■ **PROVIDED DATA**:
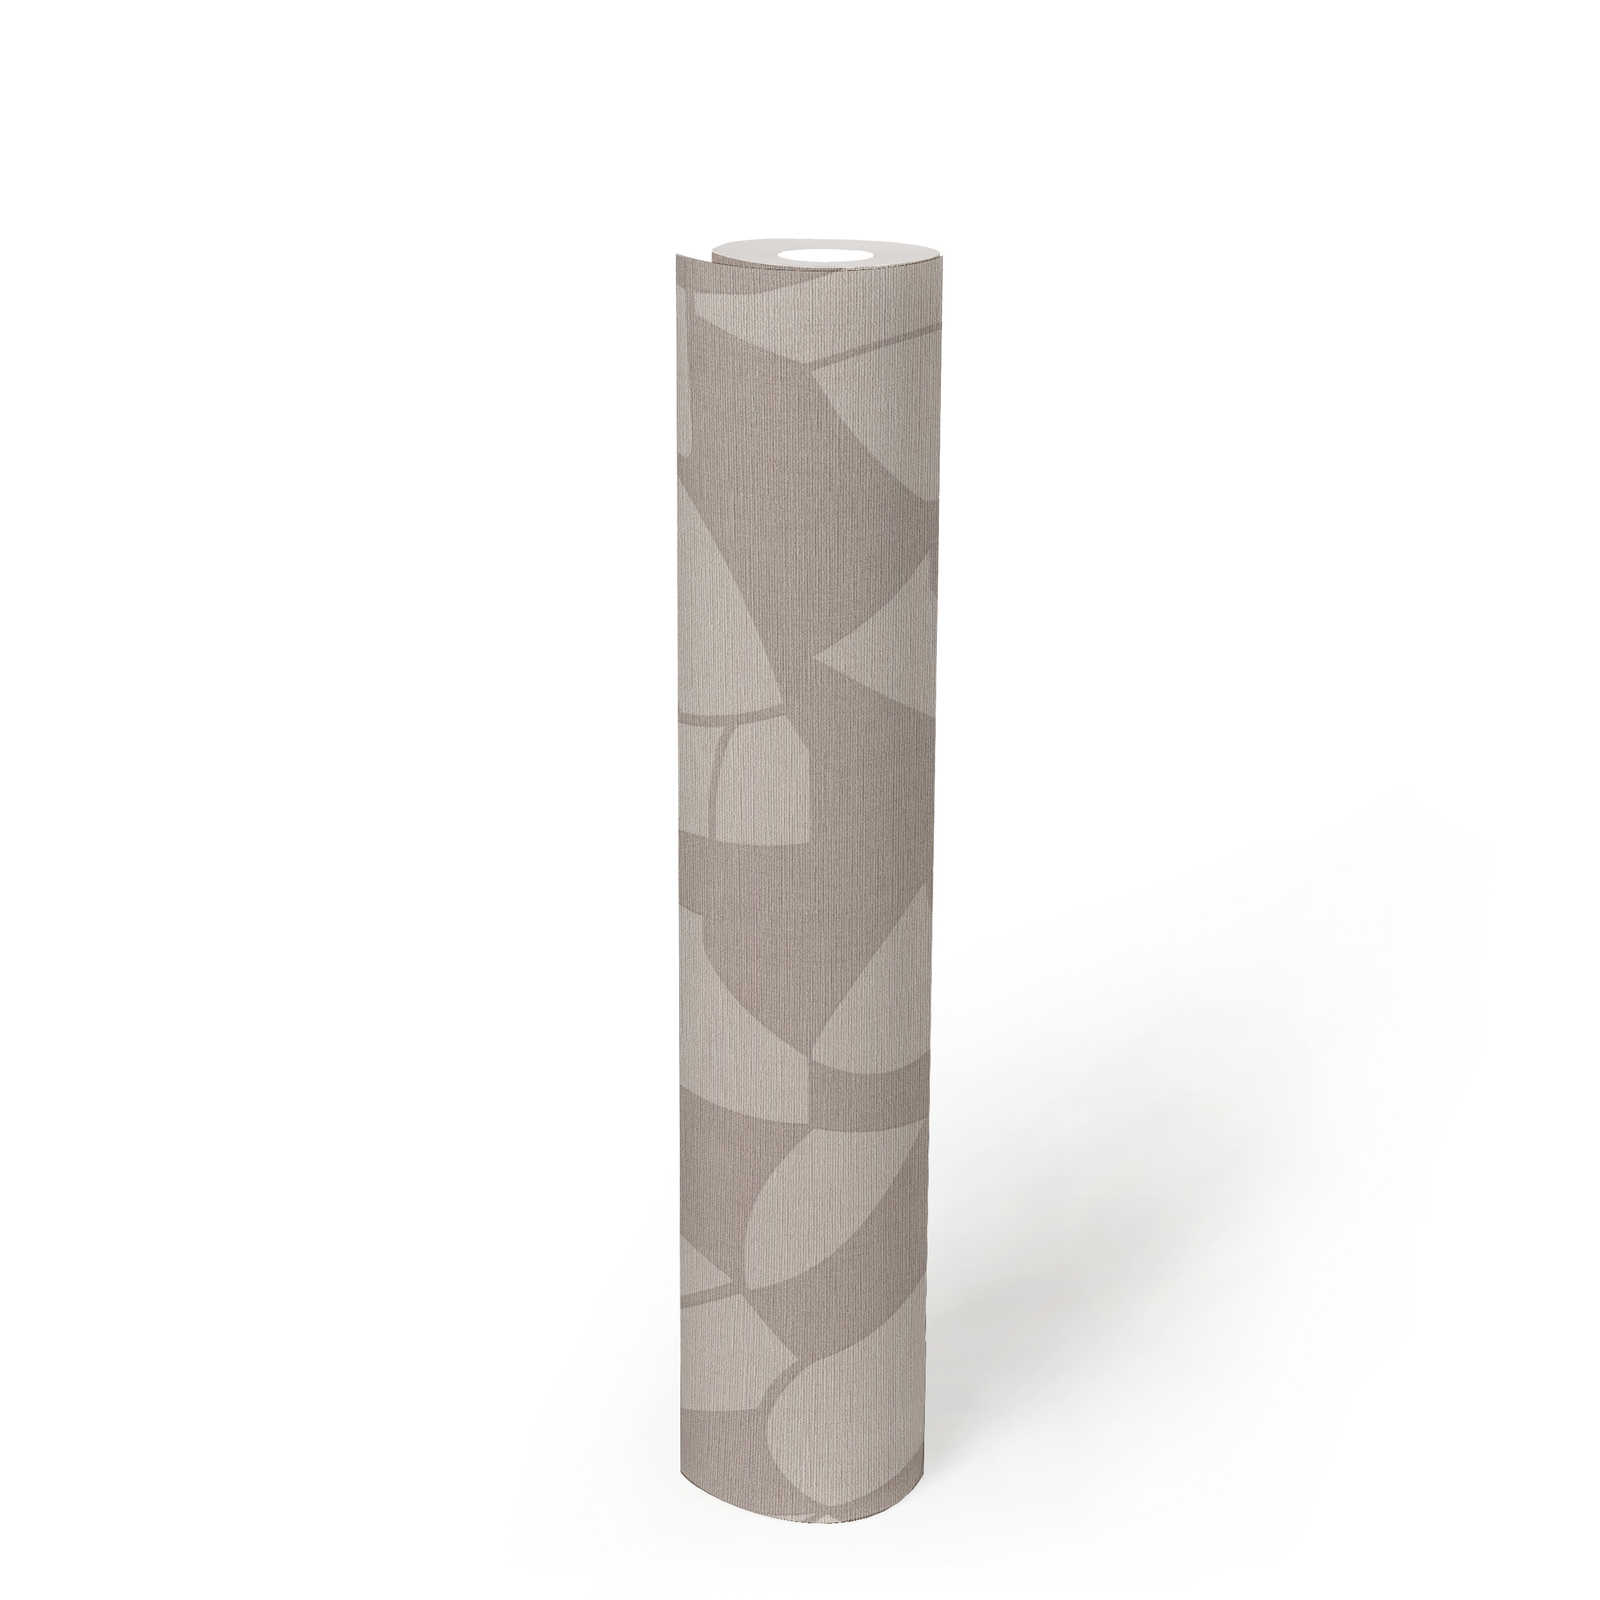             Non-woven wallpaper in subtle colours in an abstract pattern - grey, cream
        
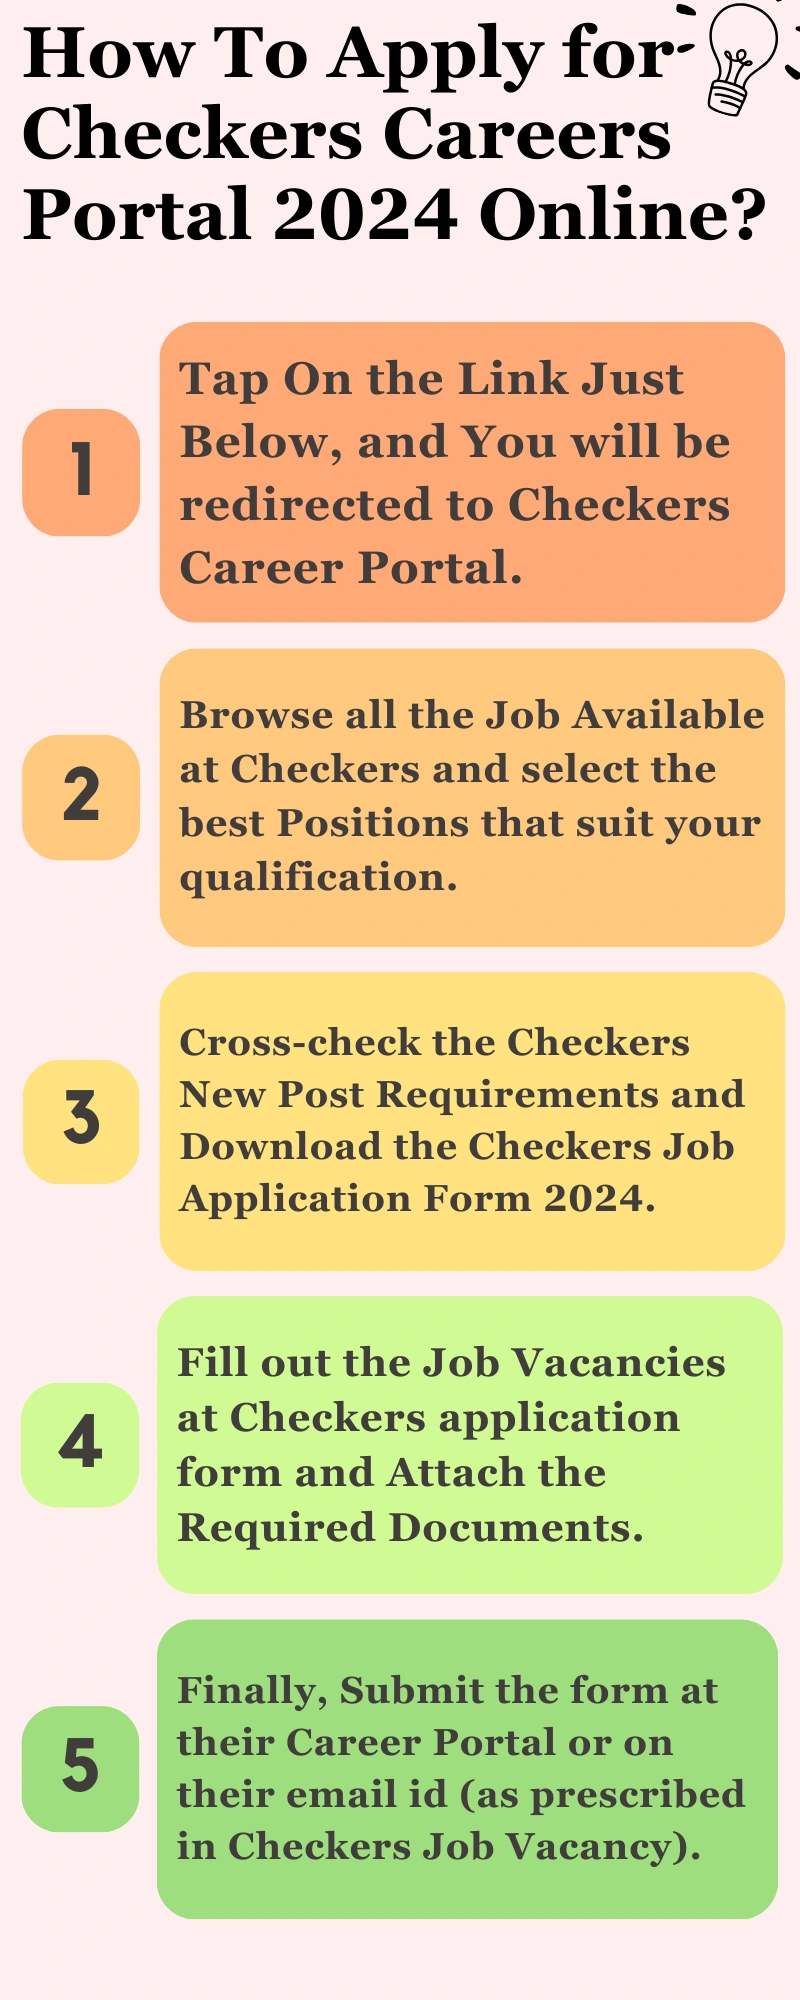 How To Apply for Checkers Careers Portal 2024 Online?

==

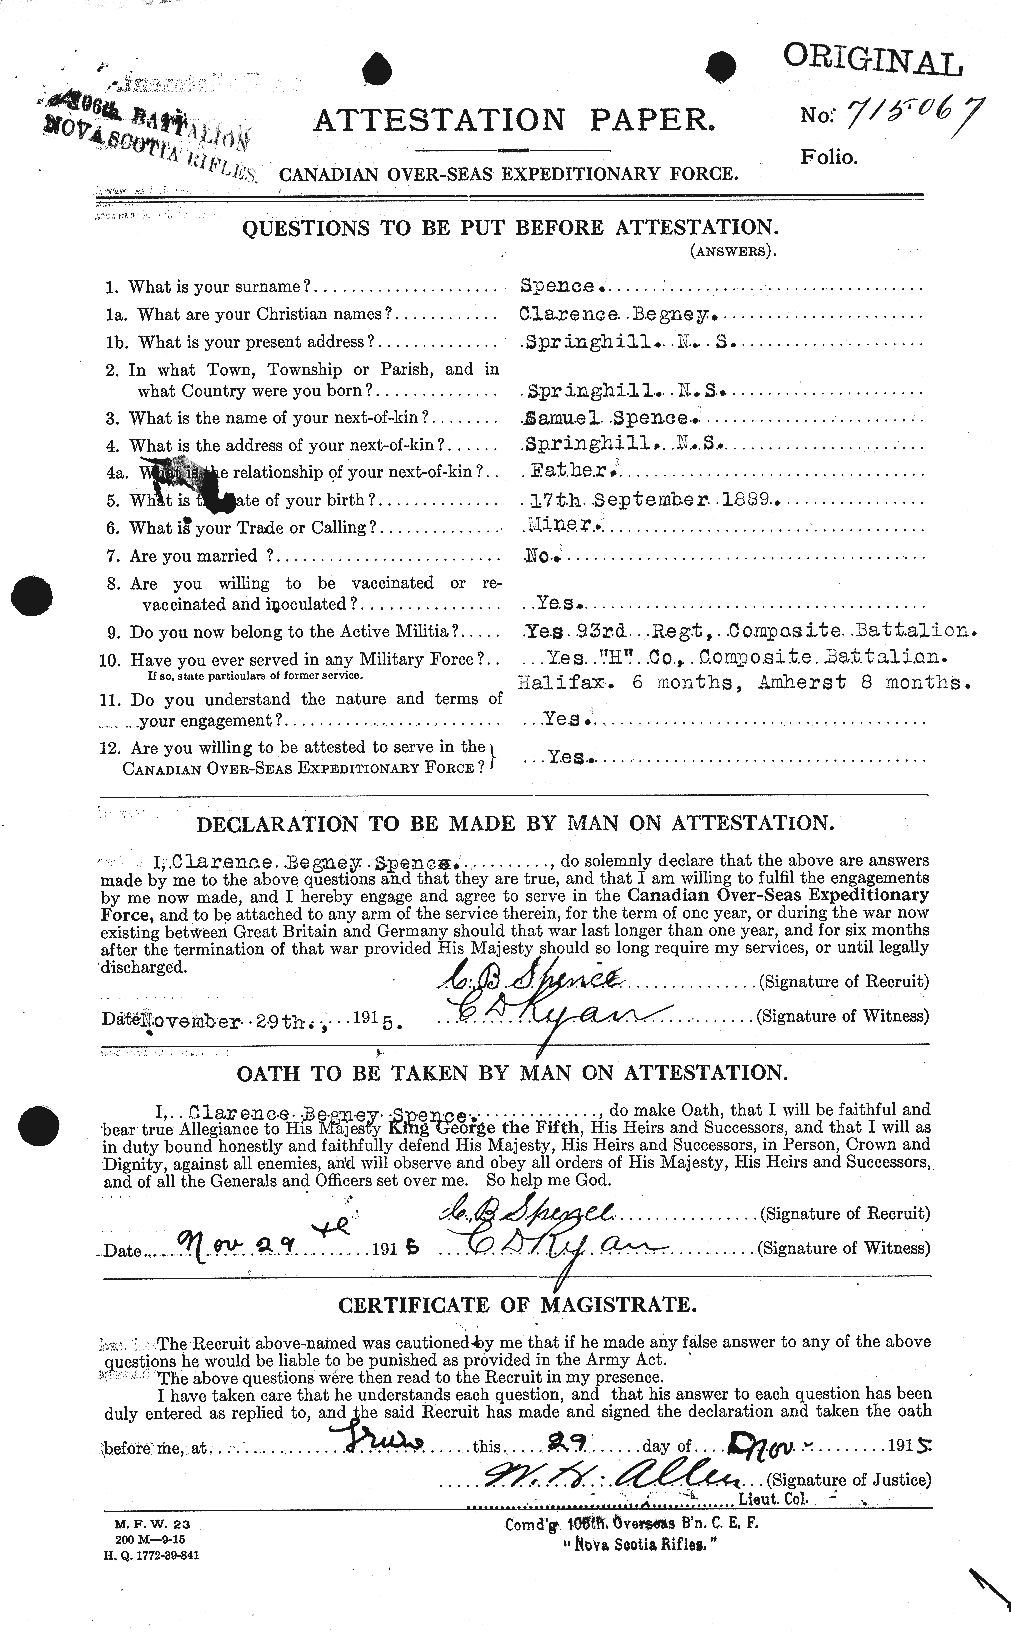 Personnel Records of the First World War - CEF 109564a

■ **WHAT THE TASK REQUIRES**:
An exact copy of the lines above from the one with "Non-woven wallpaper in" up to and including the one with "How To Apply" is required; reproduce only those lines, omitting all pictures.

■ **ANSWER TO THIS EXERCISE**:
             Non-woven wallpaper in subtle colours in an abstract pattern - grey, cream
        
 How To Apply for Checkers Careers Portal 2024 Online?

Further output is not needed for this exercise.